- **What is needed**:
Each line in the material below, starting at the one that contains "Southeastern services will" and ending at the one that contains "The best performing", should be repeated exactly; the pictures should not.

- **Material shown**:
+---+

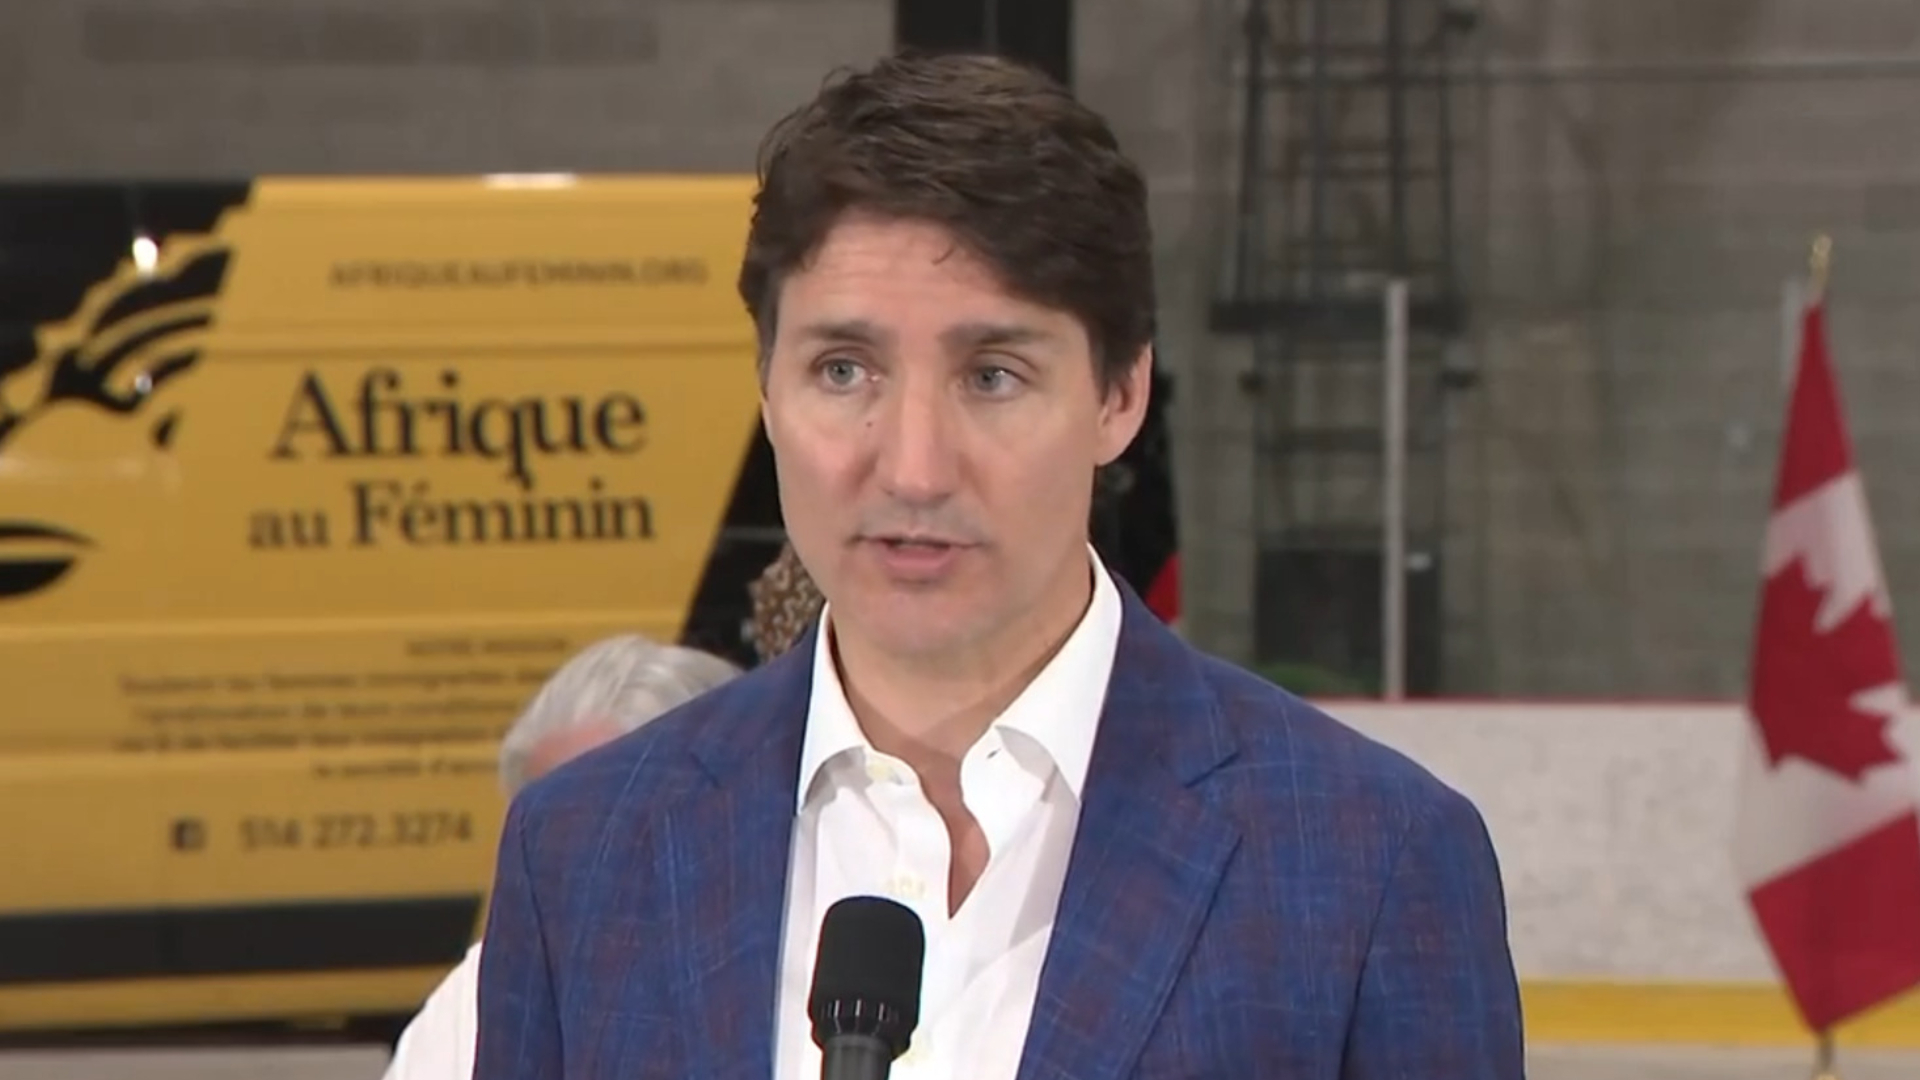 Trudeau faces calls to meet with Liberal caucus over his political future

+---+

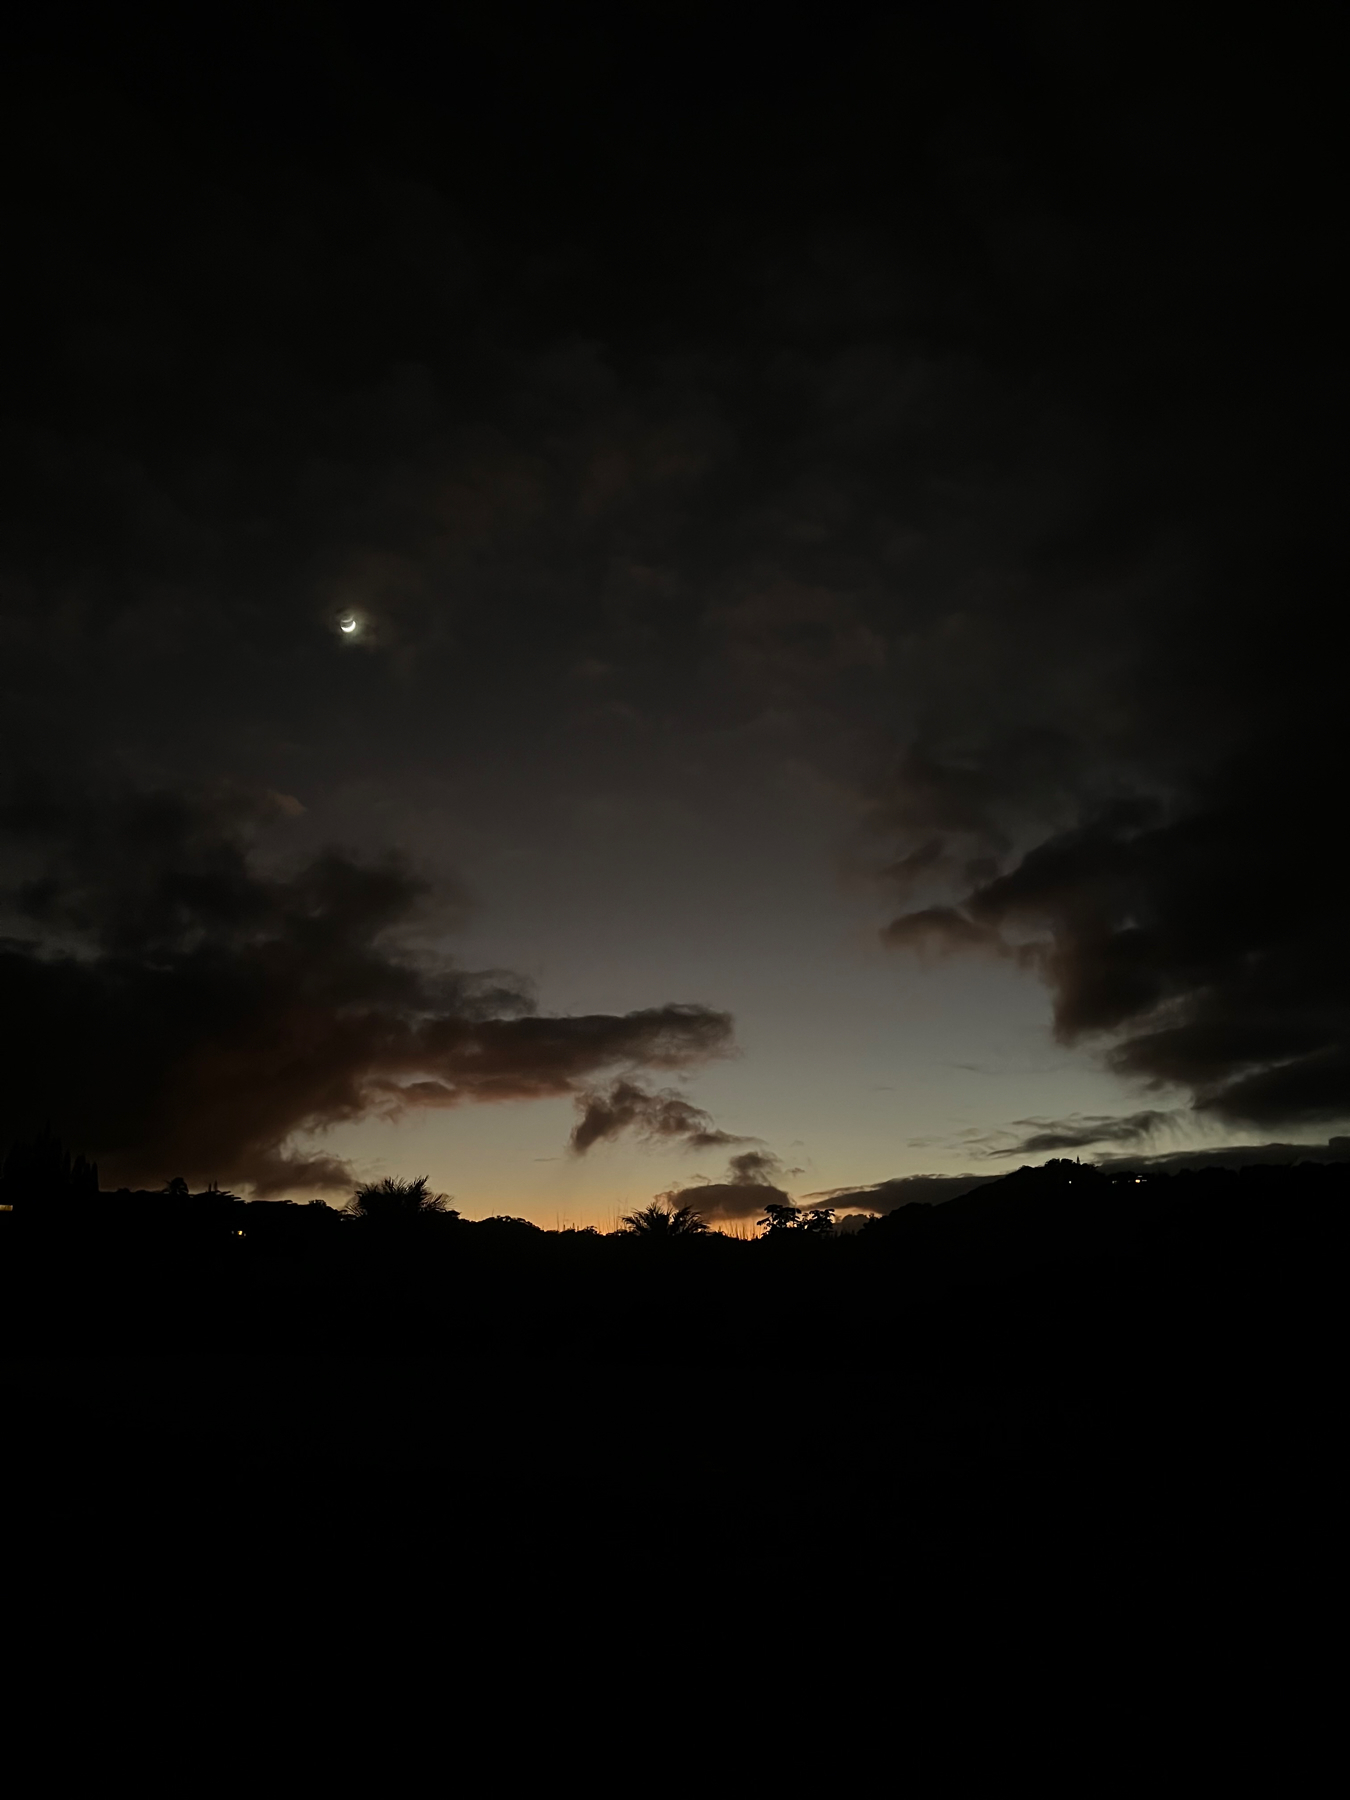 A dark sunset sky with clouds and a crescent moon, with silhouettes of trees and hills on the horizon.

+---+

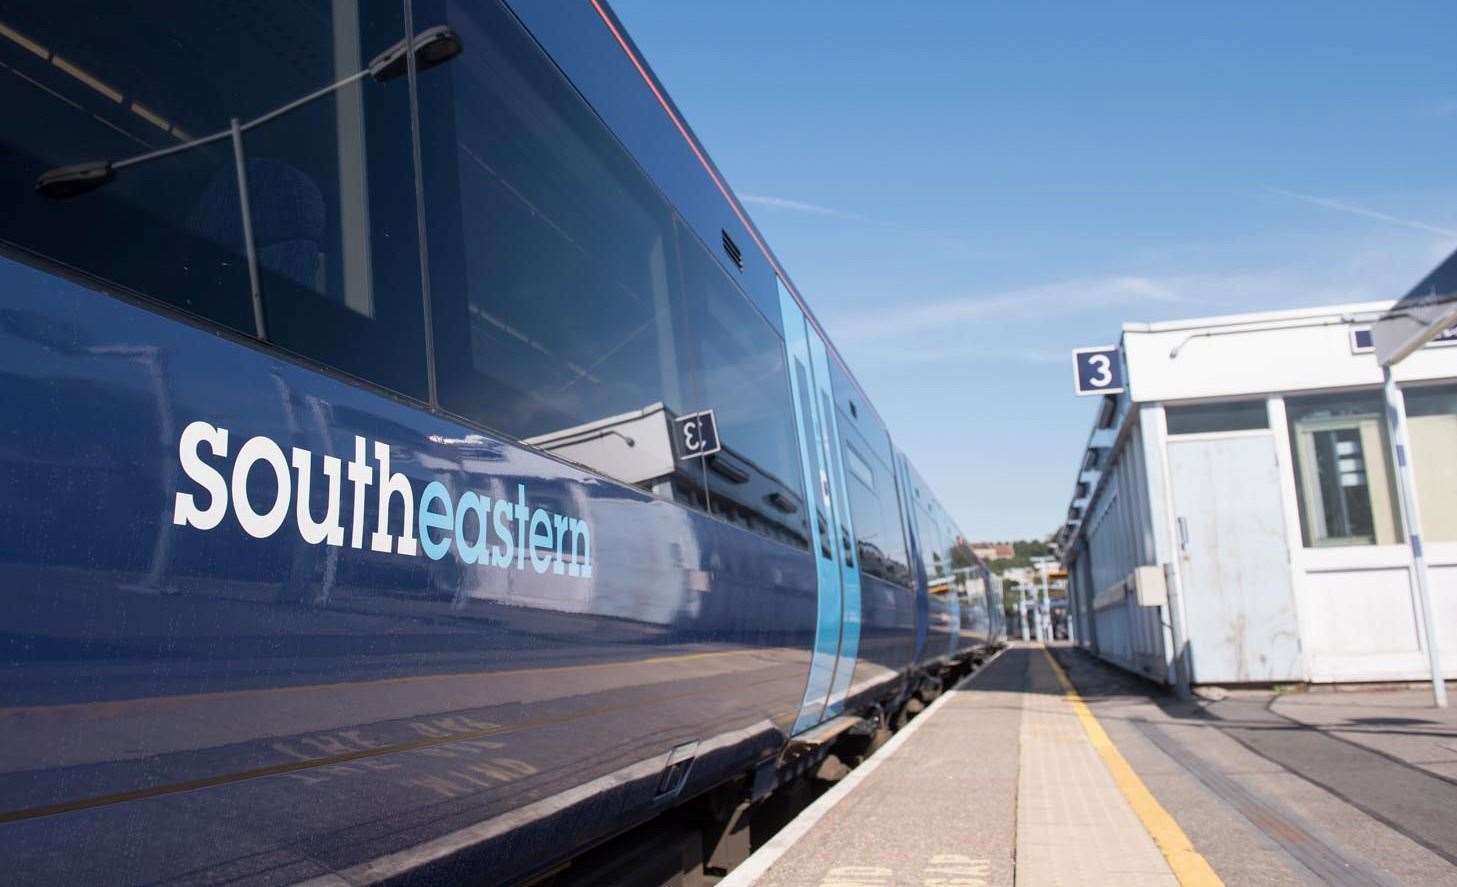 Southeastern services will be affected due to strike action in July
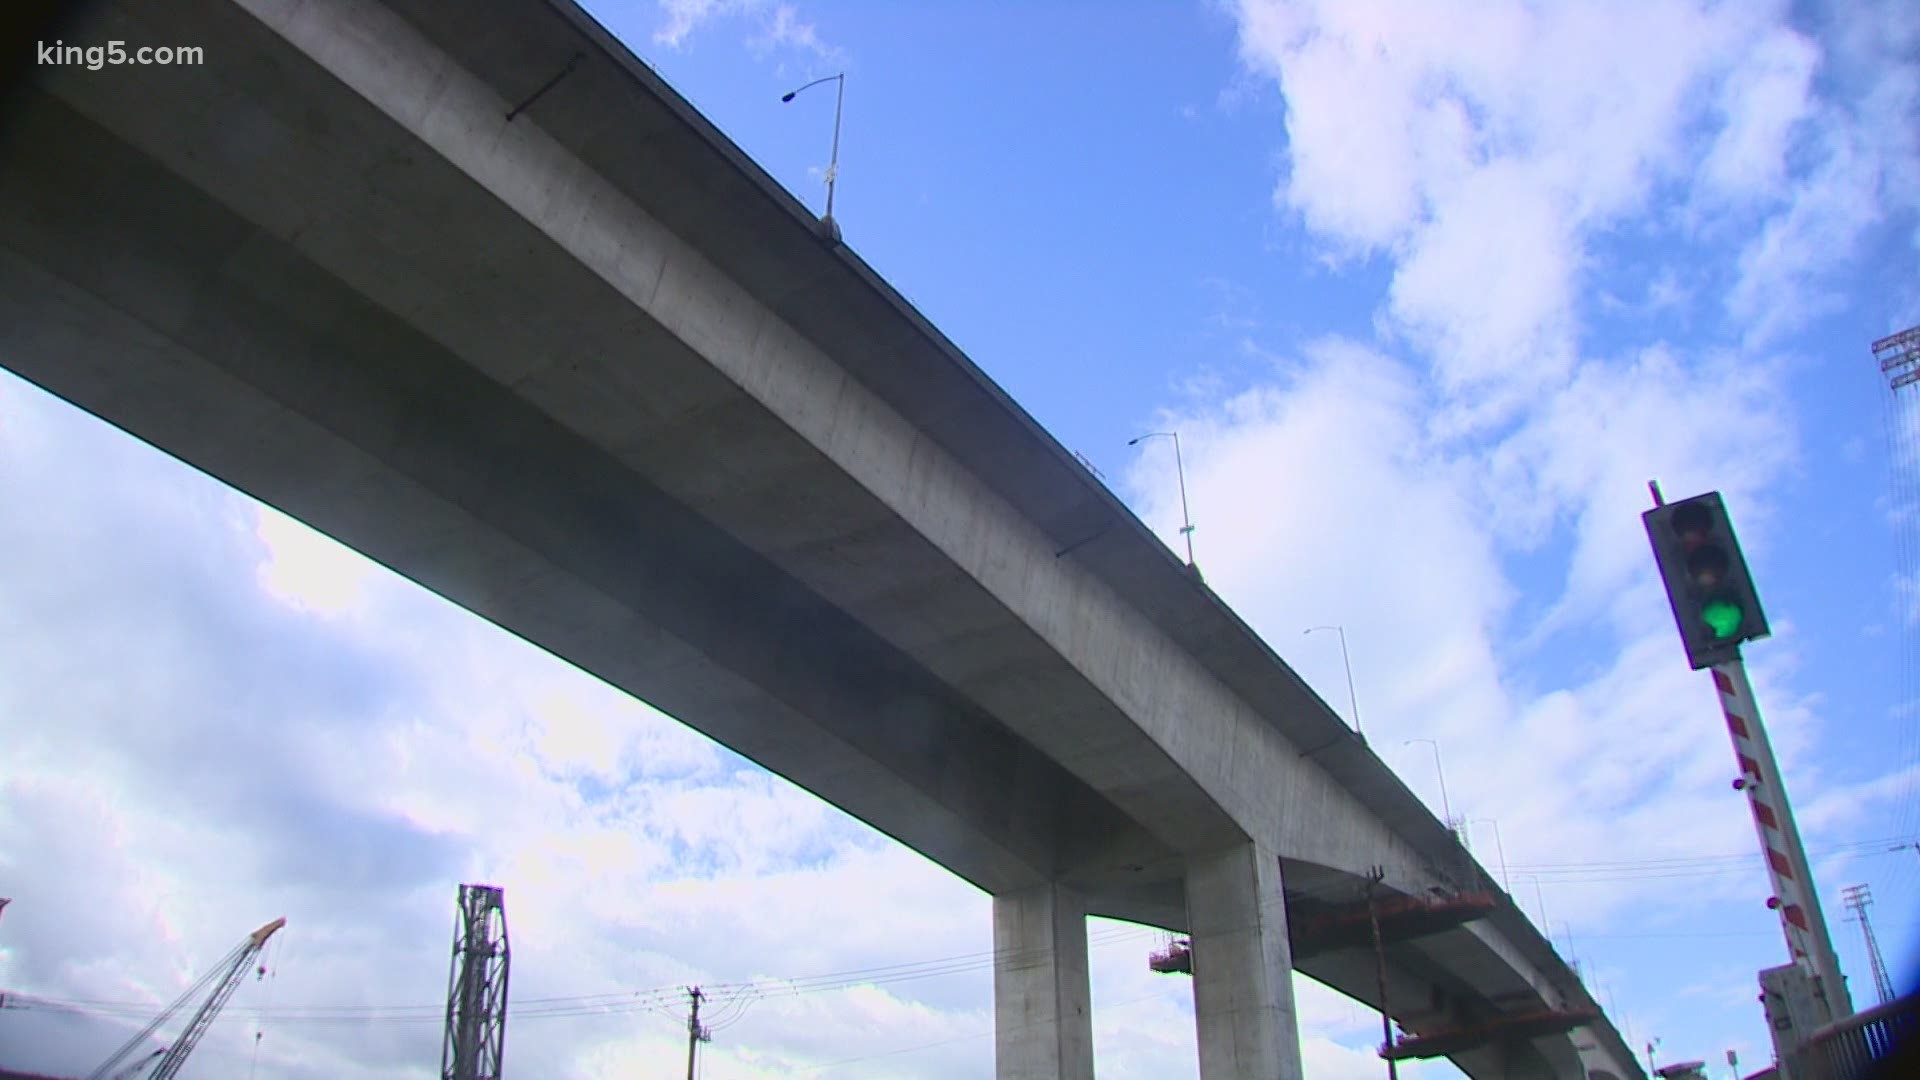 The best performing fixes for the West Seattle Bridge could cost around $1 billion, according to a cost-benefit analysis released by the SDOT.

+---+

- **Exercise result**:
 Southeastern services will be affected due to strike action in July
 The best performing fixes for the West Seattle Bridge could cost around $1 billion, according to a cost-benefit analysis released by the SDOT.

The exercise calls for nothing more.